Your embedded Marketo forms are about to break in Firefox. Here's a fix.
Marketo user ED and I independently discovered (see this post) that once Firefox DE upgraded to v46, embedded forms would no longer submit.
It only took me a short time to find the cause and develop a fix (though that first iteration required a patched version of forms2.js, which you don't need anymore).
Much as I like drawing things out, I'll save the gory details for a moment and give you the fix:
#MktoForms2XDIframe {
visibility: hidden;
position: absolute;
display: block !important;
}
Insert that CSS rule either in your page or in an external stylesheet. Either way, make sure to place the rule/link before you load forms2.js (or forms2.min.js if you're loading the minimized version, which you might as well BTW).
You'll want to add the rule to any page that uses Forms 2.0 embed code(s). Most people only use the embed code on an external pages and not on Marketo-hosted LPs, since Marketo LPs have native forms support (the drag-and-drop Form object in a free-form LP, for example). But it is possible to use the embed code on a Marketo LP — me being me, I've done that a few times when testing advanced tricks — and if you do use the embed code in this context and make it cross domains, it too will break. But otherwise you don't have to worry about Marketo LPs.
With the fix out of the way and you hopefully breathing easier, here's some more detail about what broke and why.
First, understand that Firefox Developer Edition is a "technology preview" edition of Firefox that represents the browser as it will appear (give or take bug fixes) a month or two later. Check the release calendar for examples. The intent is that DE will be used by web developers who want to build for new technologies before they go live to the rest of the world. You can't roll out code to the public that requires DE-only features until that version of DE has moved through Beta (within a few weeks) and into Release (a few more weeks). But once version N becomes the Release, assume that everyone around the world will start using it that day (in reality, it'll be the next time they restart after an upgrade, but plan as if everyone restarts immediately).
So when Marketo says they "don't support Firefox DE" that isn't really the wrong position to take today, because supporting a browser version that isn't yet released can be difficult, especially if you have to build in forward and backward compatibility. The better answer, though, is "we will support it by the day of release," which I would not expect to happen without properly scary posts like this one and the companion Community post.
OK. So what broke?

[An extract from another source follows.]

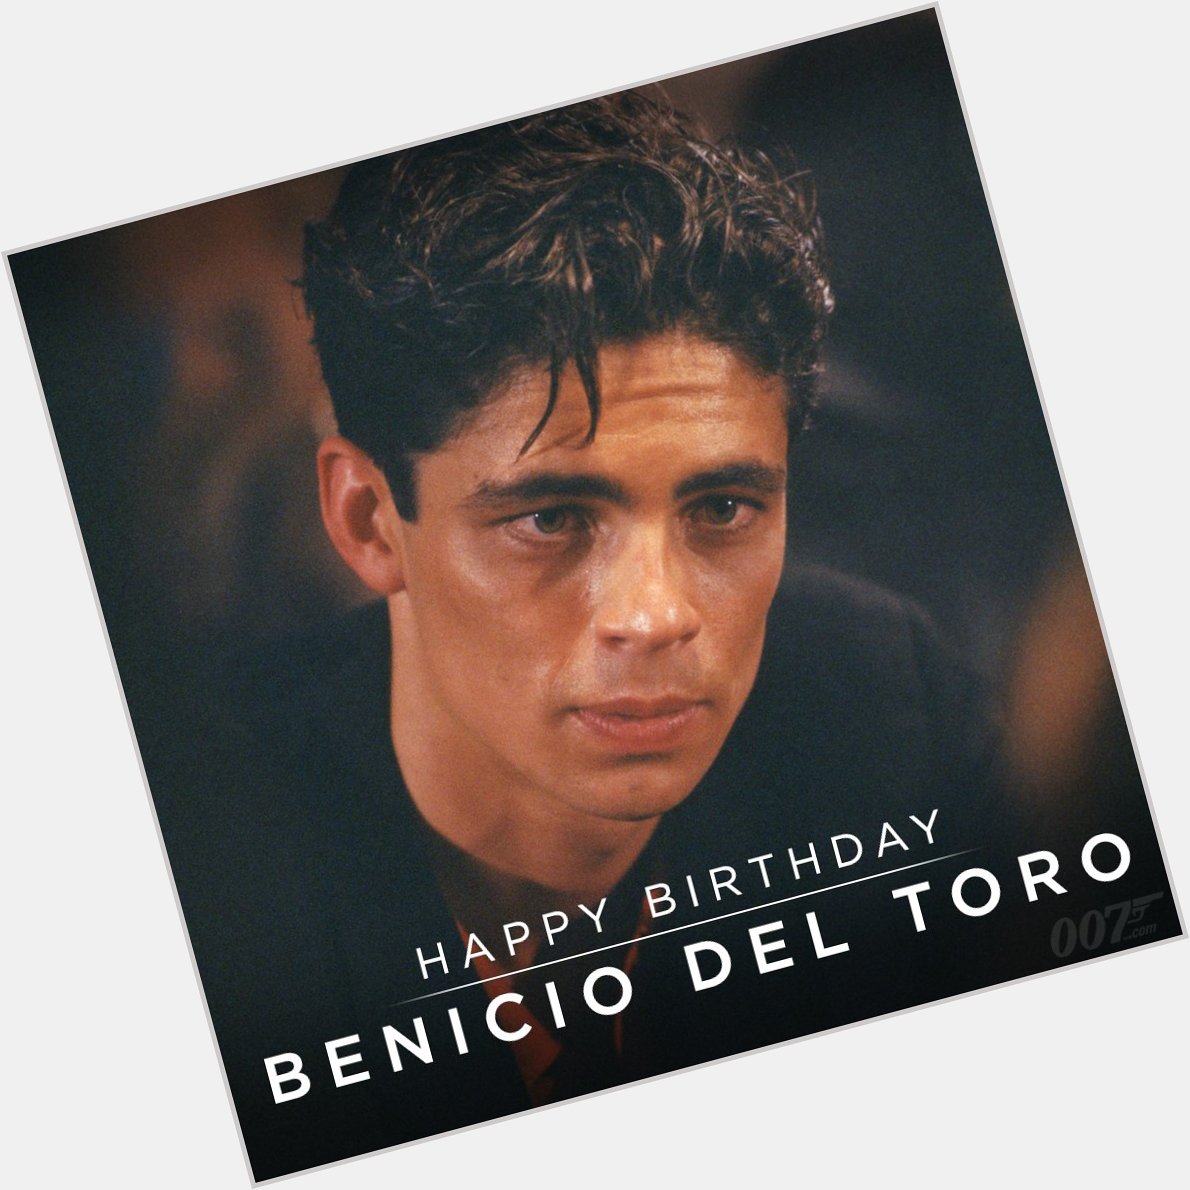 Happy Birthday to Benicio Del Toro! He played Dario in LICENCE TO KILL (1989).

Firefox 46 (more accurately, Gecko 46) changed the way the venerable method Window.getComputedStyle
works when called from inside a non-displayed IFRAME or OBJECT. (Let's hold off on why there's such an IFRAME in the mix and talk about the direct cause.)

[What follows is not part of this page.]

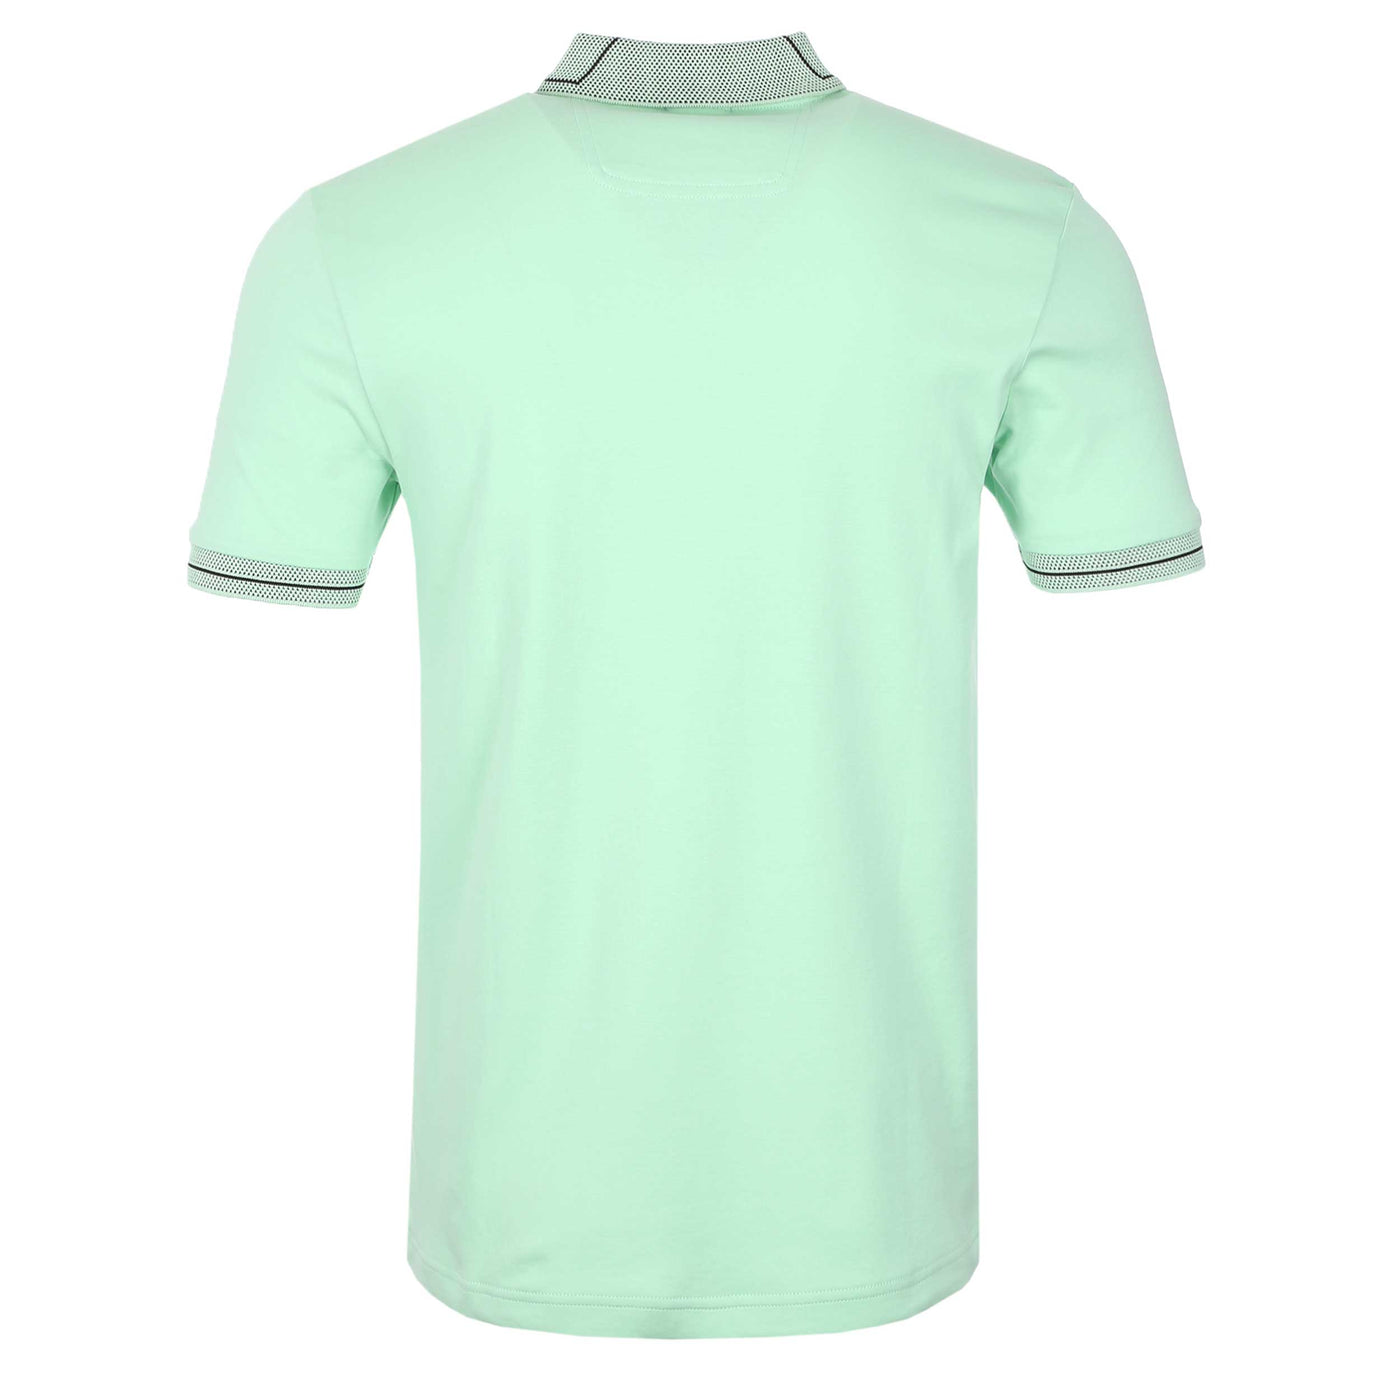 BOSS Paule 1 Polo Shirt in Open Green Back

What's fascinating about cases like this is that often the feature vs. bug debate ("Browser X is doing it right, Browsers Y and Z are wrong") has been going on for years with no firm resolution. So you can see people discussing Firefox's choices from 2010 onward. Meanwhile, code supporting both interpretations moves in and out of the Release codebase, often by accident because there's no resolution. When you see bugs that are left Open for 6 years, you smell trouble. If the standards aren't emended to confront this exact case, the "right" answer is a moving target, at least for that browser. (Luckily the other major browsers don't seem to be debating this one.)
The direct cause, then, is that forms2.js expects getComputedStyle
to always return a CSSStyleDeclaration
object, even if the object is empty. But, in Gecko 46, getComputedStyle
may return null
in certain contexts. If code doesn't cover that case, it will break with a fatal error. When forms2.js tries to use getComputedStyle
from inside an IFRAME with display:none
(which is one of those "certain contexts"), it errors out. Thus the IFRAME, which is critical for cross-domain embedded form posts to work, is never actually operational. The form will render and even validate accurately (those parts are not dependent on the IFRAME) but will not submit.

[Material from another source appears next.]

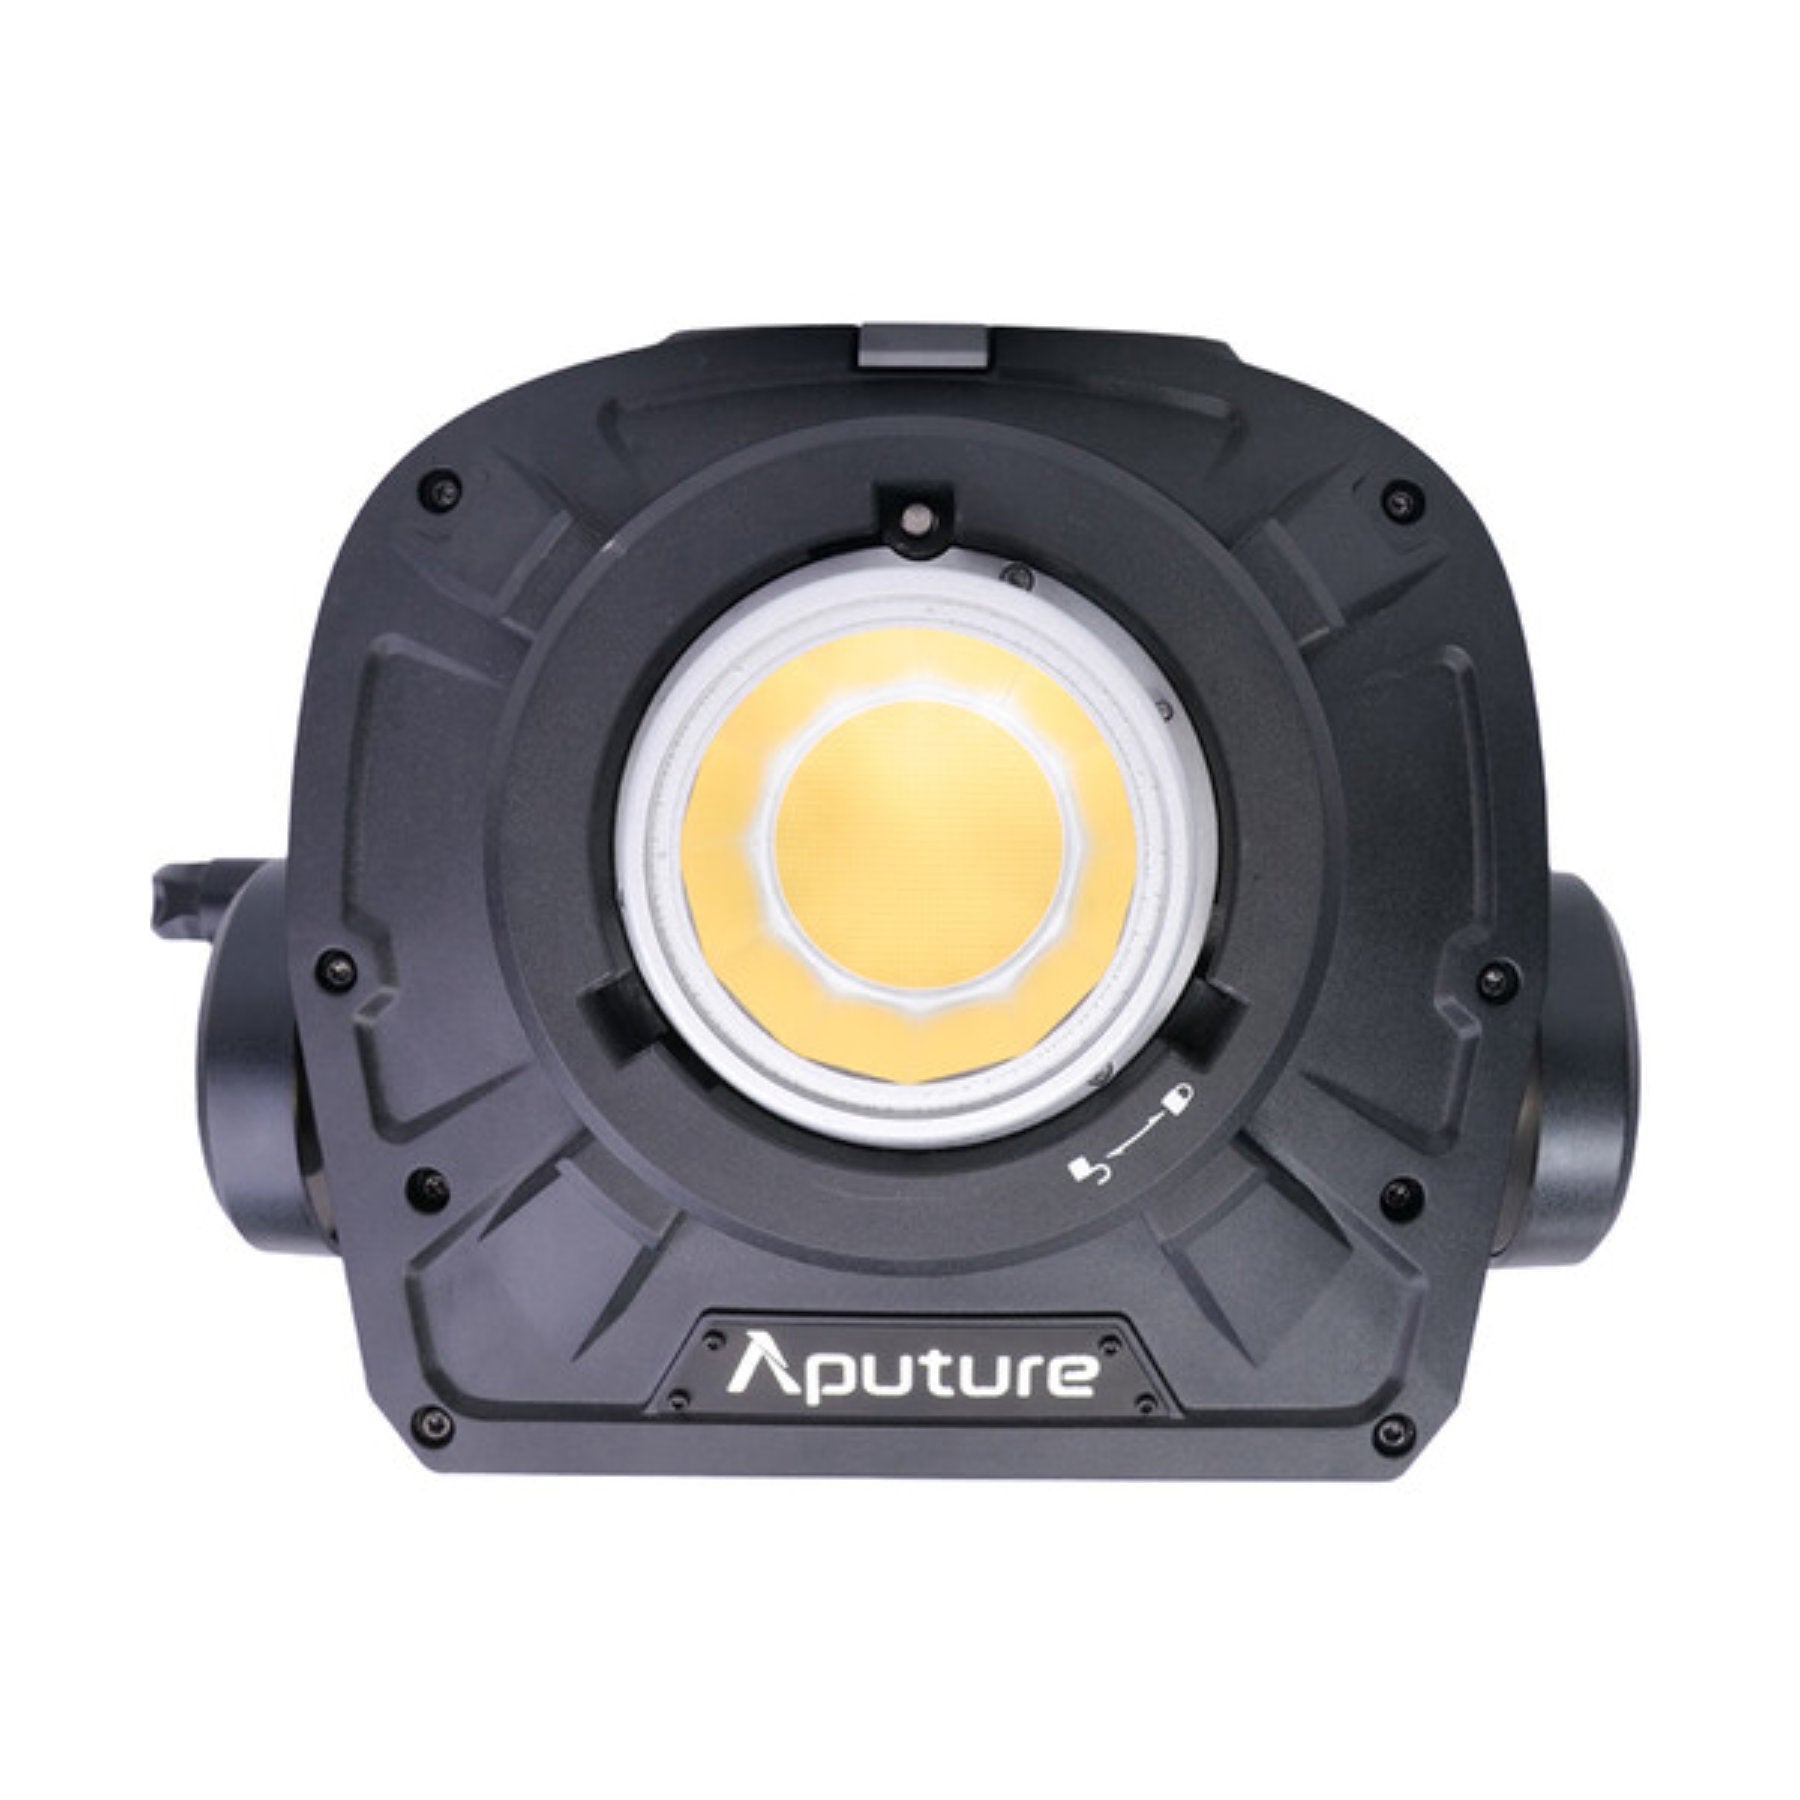 Hire Aputure LS 1200d Pro LED Light Kit at Topic Rentals

The fix, as you may have already figured out, is to set the IFRAME as visibility:hidden
rather than display:none
, in which case it is no longer "non-displayed" and can use all the expected methods.
I should probably save the question of why Forms 2.0 uses a non-displayed/hidden IFRAME for another post, but let me summarize it here. The interstitial IFRAME (which need not actually be hidden) is a classic, backward-compatible way to allow the cross-domain, bi-directional communication we need when POSTing a form across domains and processing the response. There's newer, more elegant (ok, that's debatable!) technology called CORS for this. But there's certainly nothing wrong with using this ol' thing, and no reason to expect it to stop working. (In fact, the IFRAME pattern still works just fine, it's more a coincidence that this particular method is broken and was used within the pattern.)
Comments and questions?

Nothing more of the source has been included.